Exercise brief: The full listing, minus its pictures, should be printed again exactly as it stands.

***** Provided data

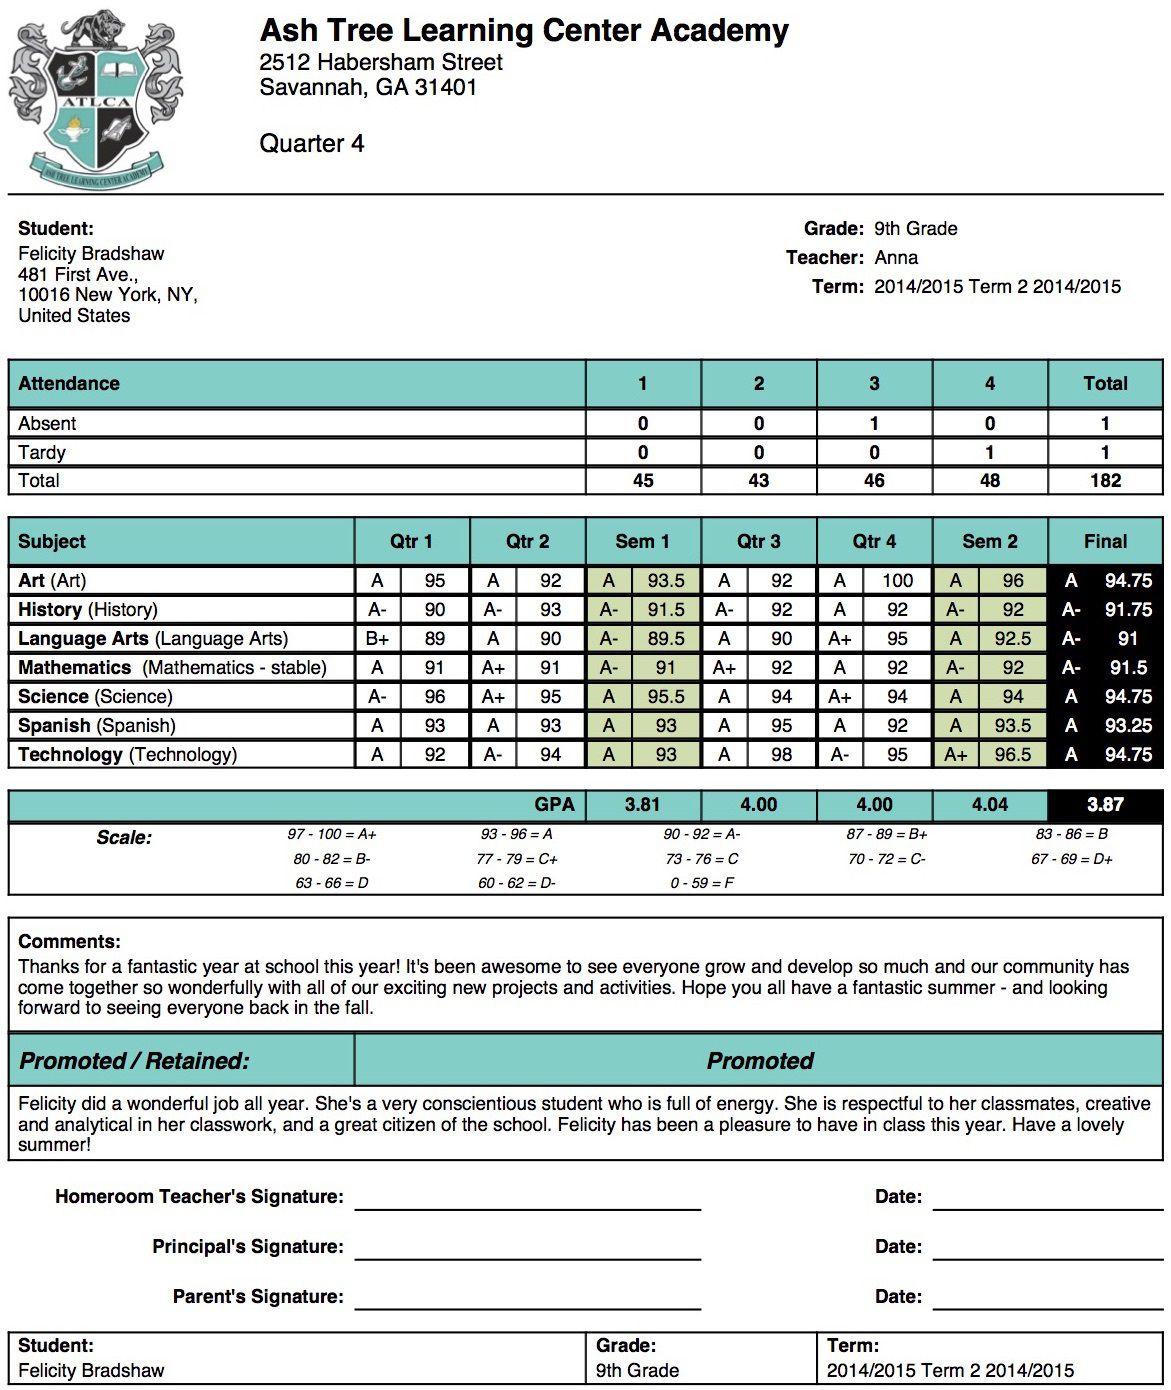 004 Astounding Middle School Report Card Template High Definition  Pdf Homeschool Free Standard Based SampleFull
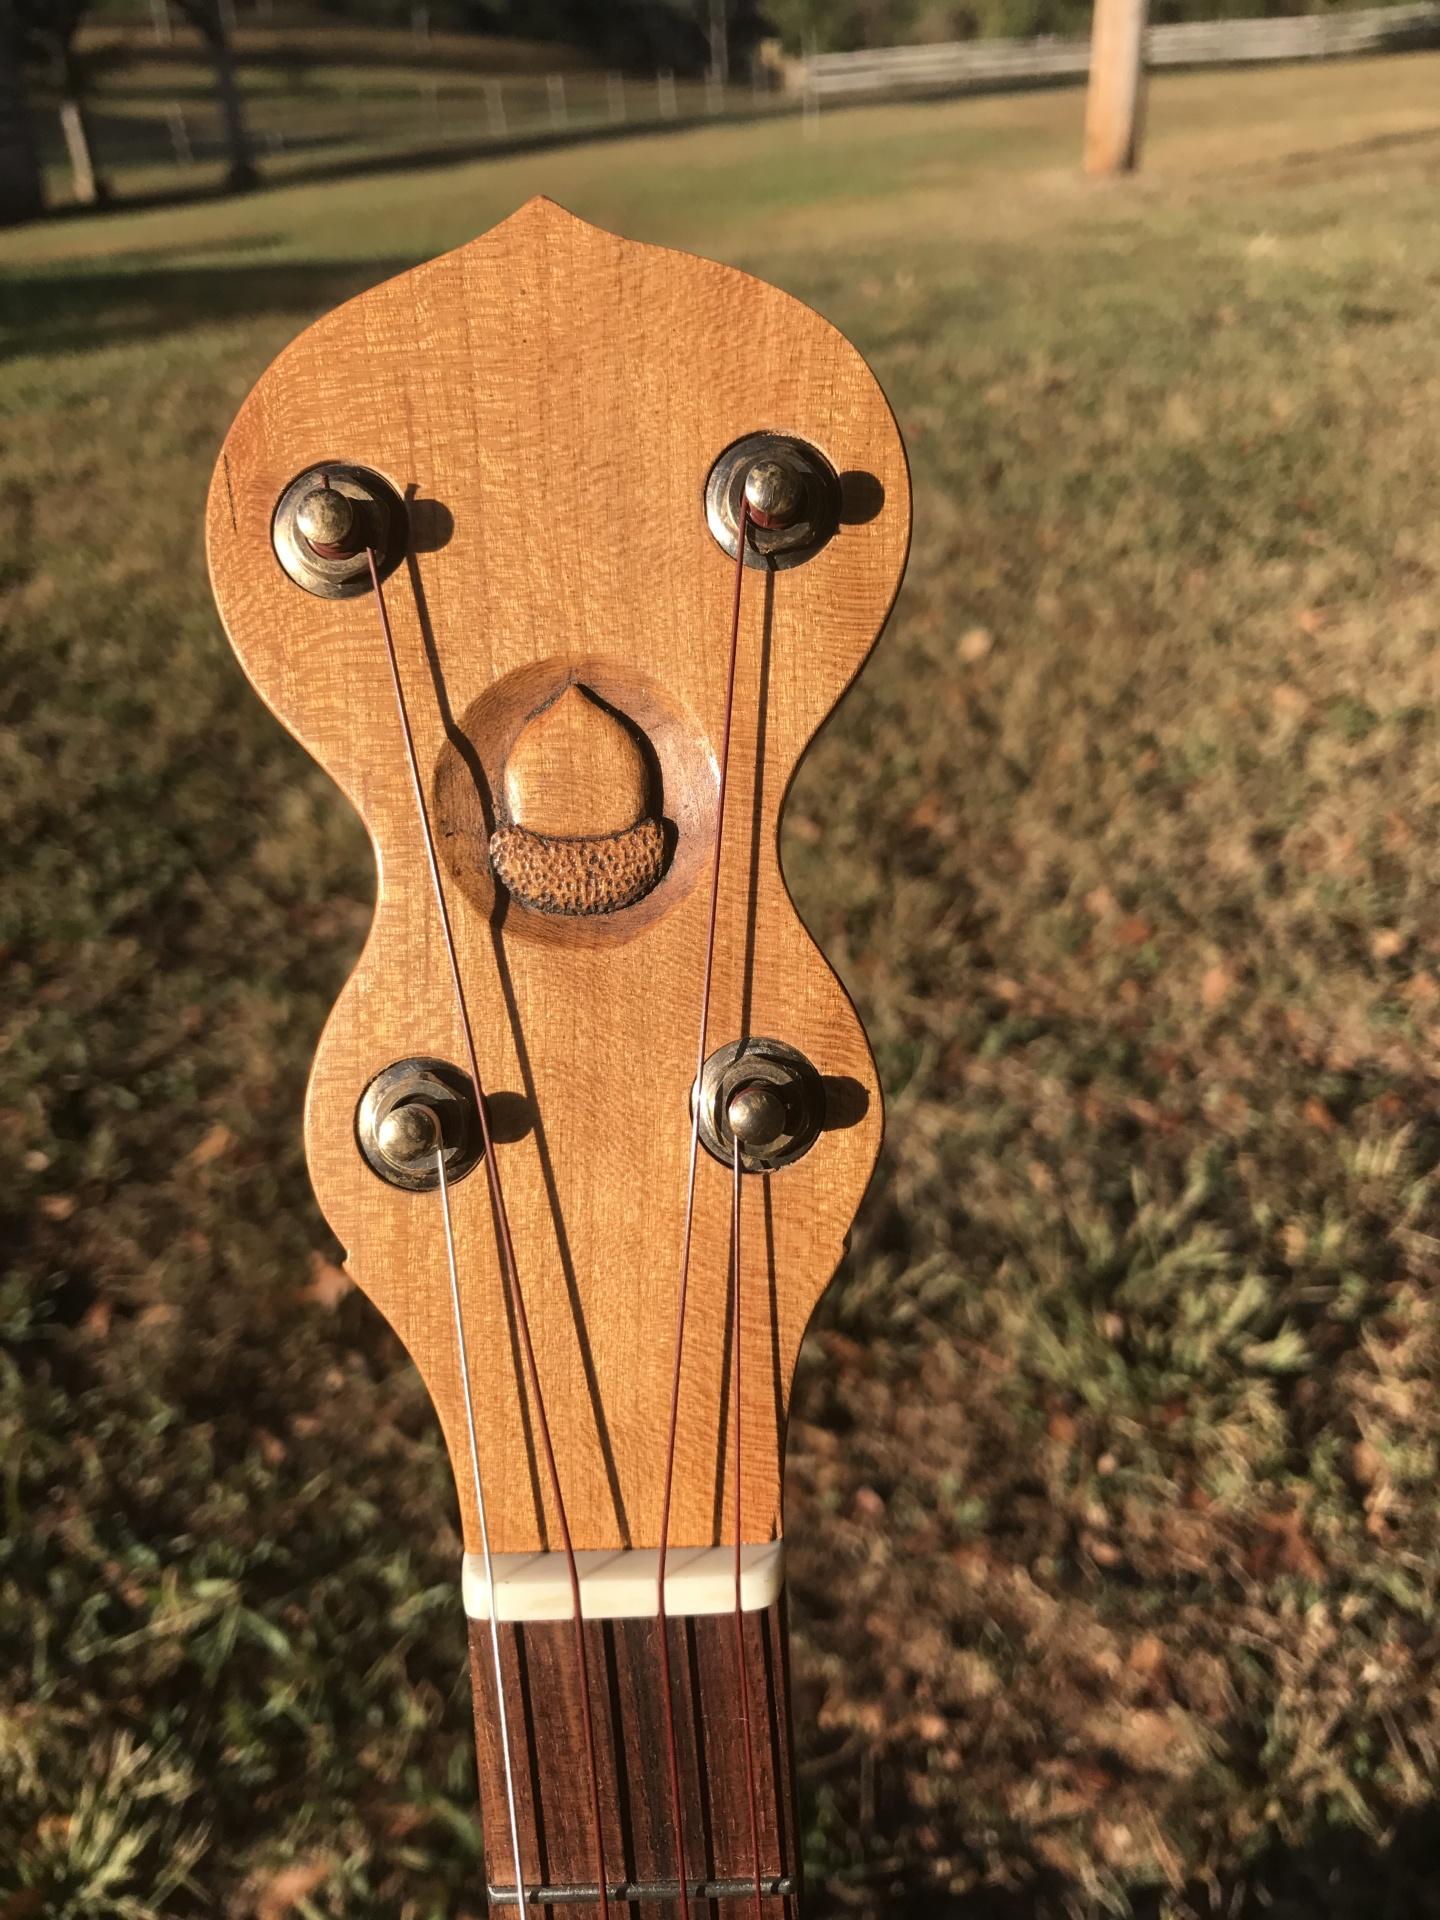 Banjo Ramblings
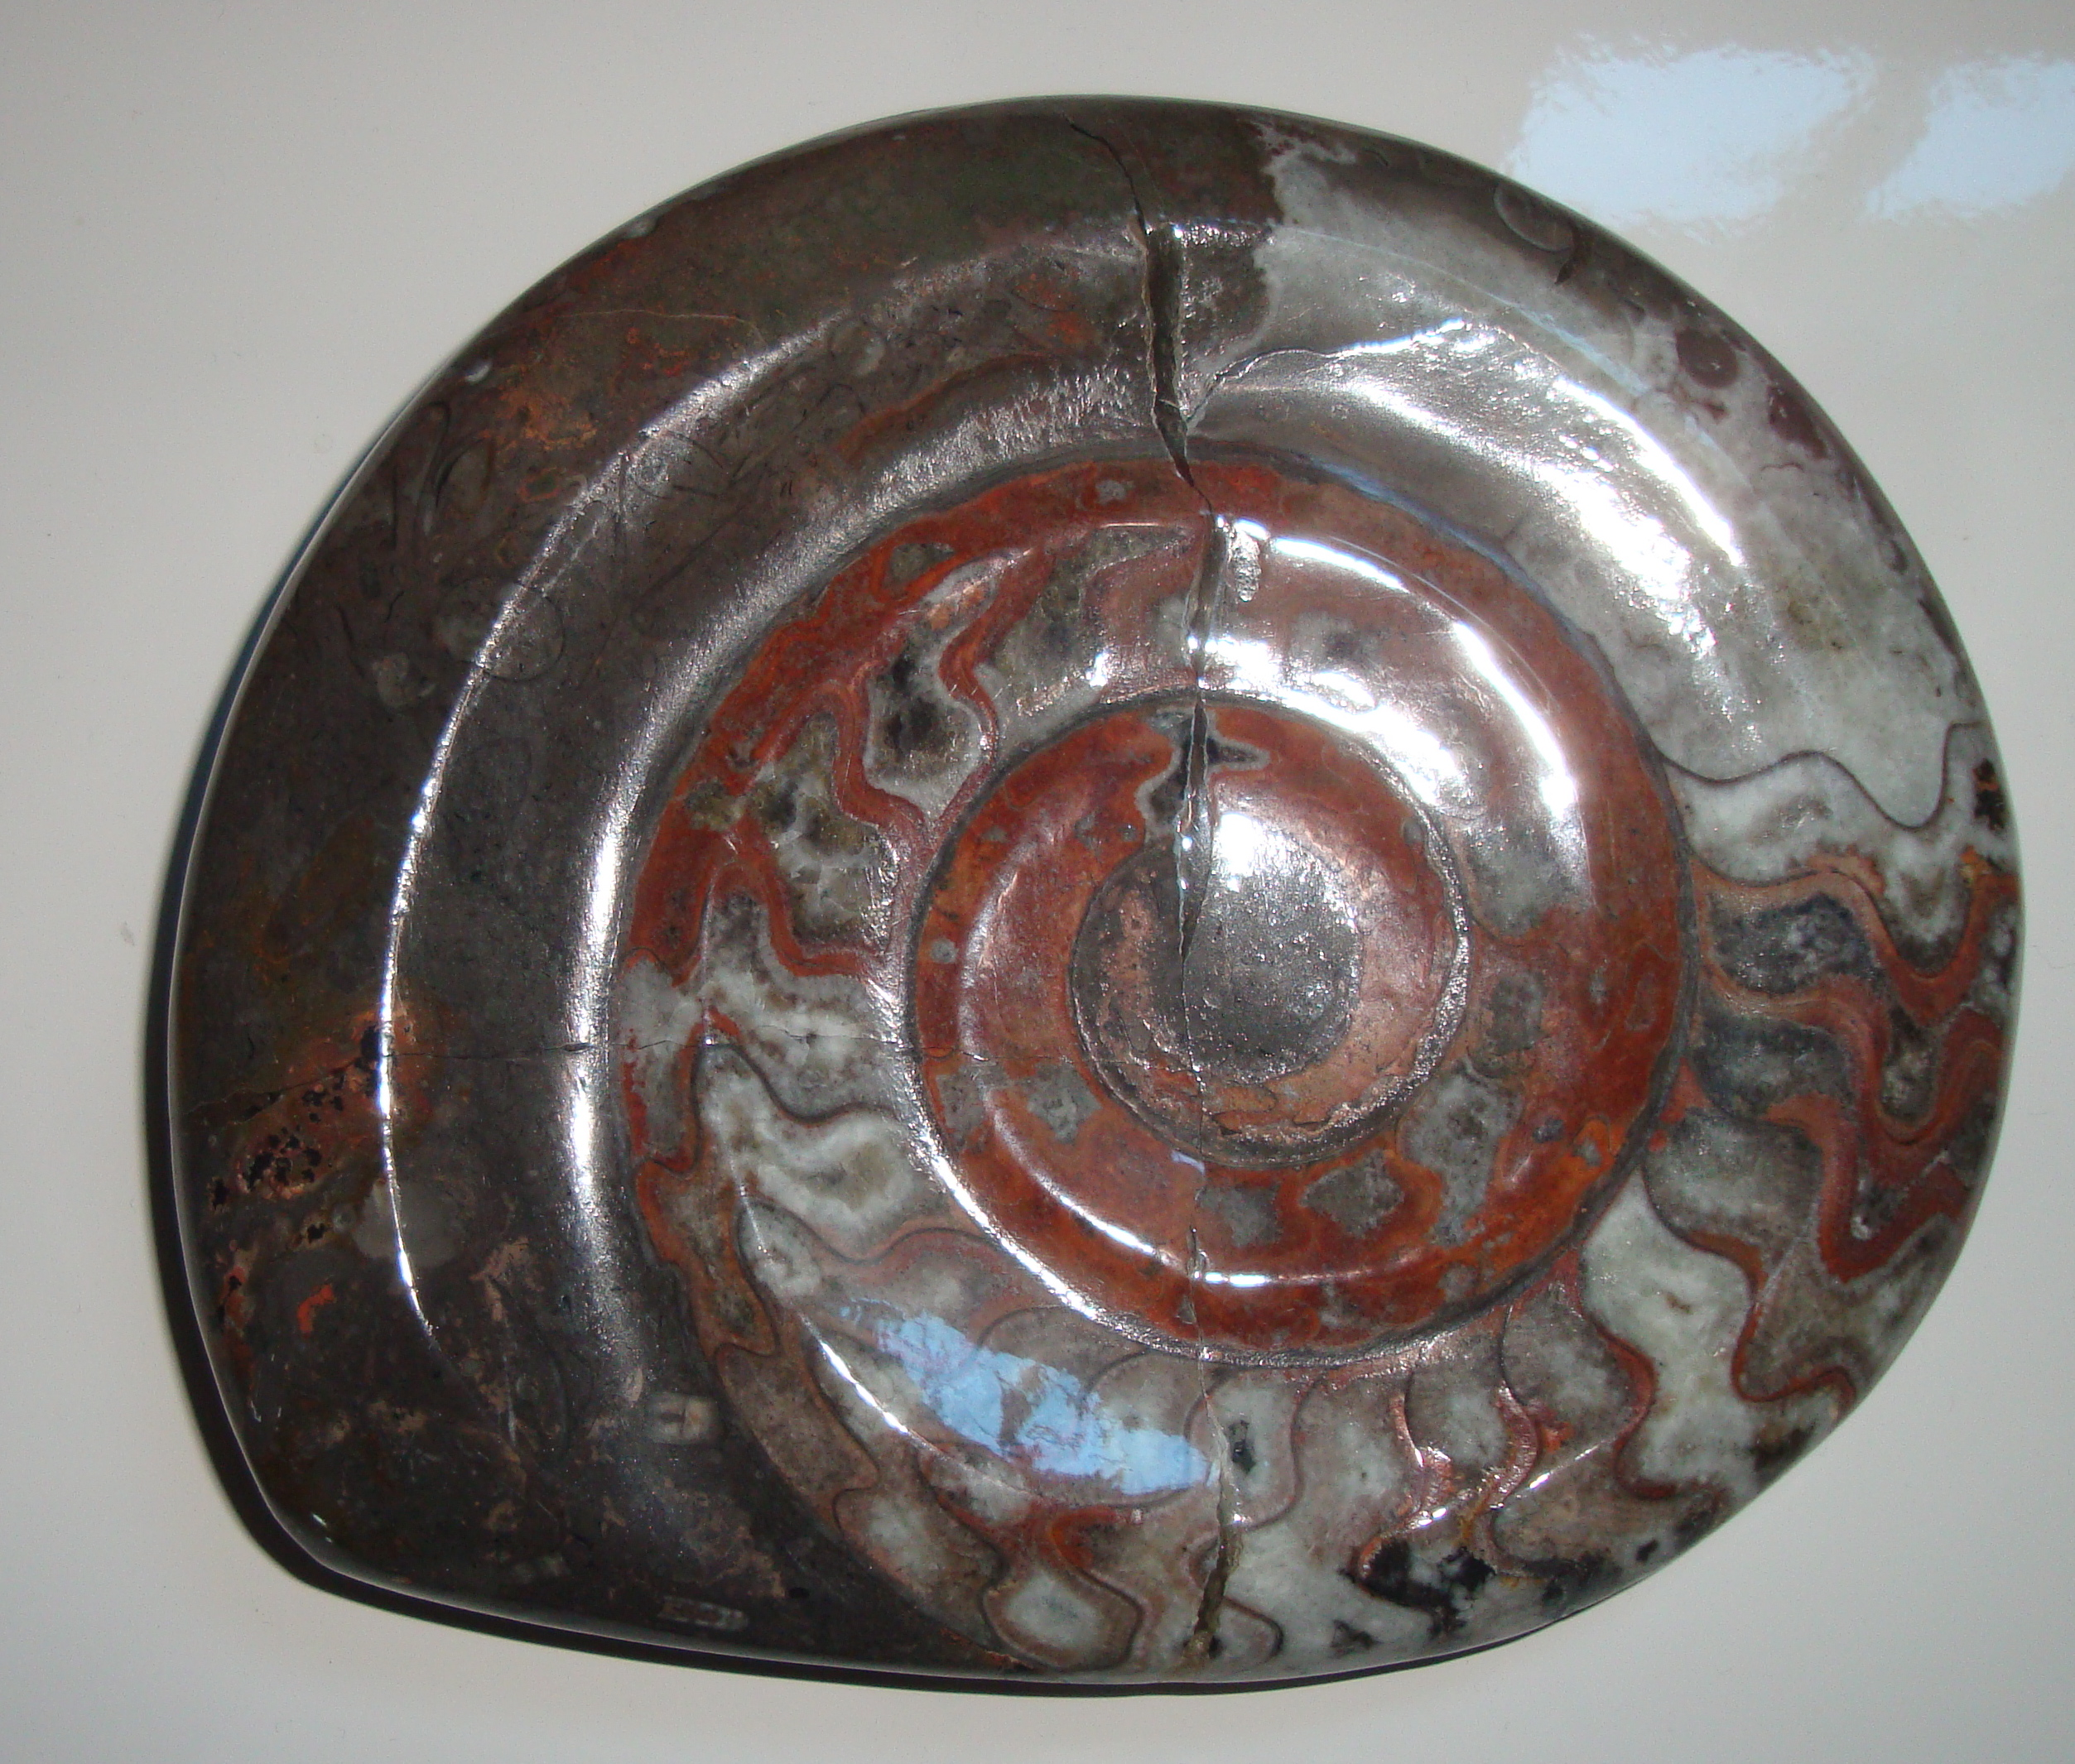 Fossile du Maroc

**********

Task response:
 004 Astounding Middle School Report Card Template High Definition  Pdf Homeschool Free Standard Based SampleFull
 Banjo Ramblings
 Fossile du Maroc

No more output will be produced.